Window functions are an advanced SQL construct that you will likely come across when working with relational databases. Today I want to share a couple of real-life problems where window functions are beneficial or even essential.

Throughout the whole article, we’ll be working with the simplified schema from a cat information system. Assume a simplified schema with a single table:

CREATE TYPE class AS ENUM ('warrior', 'mage', 'rogue', 'scientist');
CREATE TABLE public.cats (
    id bigserial NOT NULL,
    "name" text NULL,
    birth_date timestamptz NULL DEFAULT CURRENT_TIMESTAMP,
    class class null,
    level int8 NOT NULL,
    CONSTRAINT user_pkey PRIMARY KEY (id)
);

Introduction: WTF WF?

Window functions are a construct that (as the name suggests) allows you to operate on a data window in your selection with standard familiar aggregate functions or special window functions.

Let’s look at the basic syntax in a simple example, finding the max level across all cats.

SELECT MAX(level) as max_level from cats;

max_level|
---------+
       12|

Window function allows you to use aggregations to get multiple, potentially different results, operating on a defined window data.
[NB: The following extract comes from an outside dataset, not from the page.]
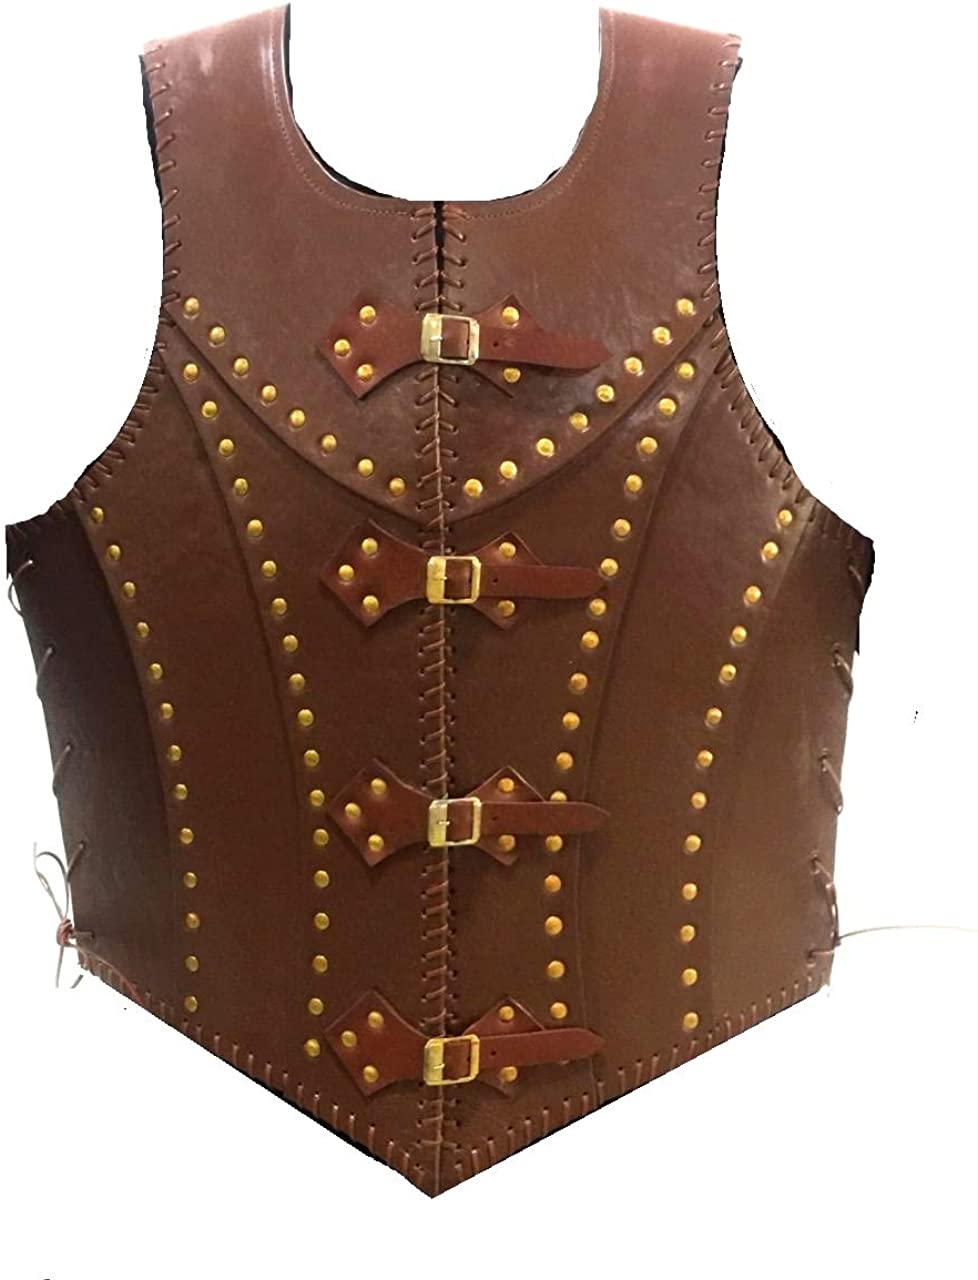 Handmade Leather Vest

SELECT name, level, MAX(level) OVER() as max_level from cats limit 5;

name      |level|max_level|
----------+-----+---------+
Cosmomeowt|    6|       12|
Meowrrior |    2|       12|
Ulysses   |    1|       12|
Axe       |    8|       12|
Motley    |    2|       12|

Notice that

  • we got the same result (12), but we got the result for each row,
  • aggregation works as expected, even though the cat with level 12 did not get to the final result due to limit restriction,
  • we could use the aggregate function without familiar GROUP BY,
  • the result is the same for all rows.

The syntax (preview is barbarically simplistic) allows defining the following statement as a part of the SELECT statement:

/*<advanced aggregation expression>*/ OVER(/*<optional window expression>*/)
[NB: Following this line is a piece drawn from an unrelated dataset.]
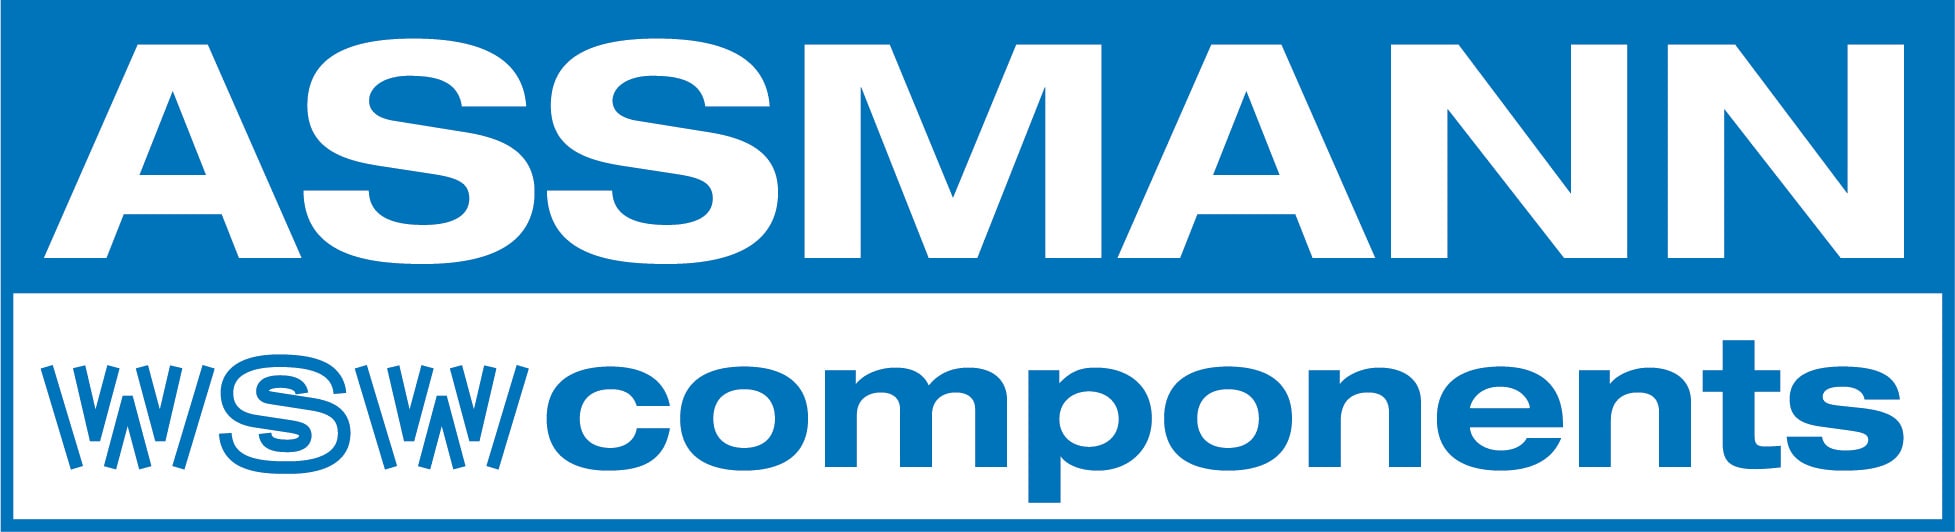 Assmann WSW components, Inc

Getting the same result does not seem particularly useful, but the power comes from using known and special aggregation functions over multiple defined windows with custom filtering and order, as we’ll see below! With the introduction out of the way, let’s check a few real-world examples.

Use cases

You can try all SQL queries on the same data in DB Fiddle.

Showcase kittens from all classes: Balance ORDER BY for different types

Let’s assume that we need to display on our homepage a preview of our freshest feline newcomers. We can’t afford to manipulate the future of the cat population by favoring one profession over the other.

  1. Show preview of 8 kittens. The youngest kittens must appear on the list.
  2. An equal number of representatives from each class must be on the list, if possible. This criterion takes precedence over the first one.

We need to push older cats back, but they can cut the queue by being representatives of an unpopular class.

This problem is fairly difficult to solve without window functions. One more naive solution is to use UNION, spell out all types and control the subselect using LIMIT based on the number of class types.

(select * from public.cats where cats."class" = 'warrior' order by birth_date desc limit 2)
union
(select * from public.cats where cats."class" = 'mage' order by birth_date desc limit 2)
union
(select * from public.cats where cats."class" = 'rogue' order by birth_date desc limit 2)
union
(select * from public.cats where cats."class" = 'scientist' order by birth_date desc limit 2)

Or a “dynamic” solution would be to use JOIN with LATERAL subselect

select distinct classes.class, cats.*
from public.cats as classes
join lateral (
 select * from public.cats
 where cats."class" = classes."class"
 order by birth_date desc
 limit 2
) cats on (true)

The latter is more obscure, but allows paginating the result in a single place, without having to control all subselects. The LATERAL allows us to define custom subselects to join for each value.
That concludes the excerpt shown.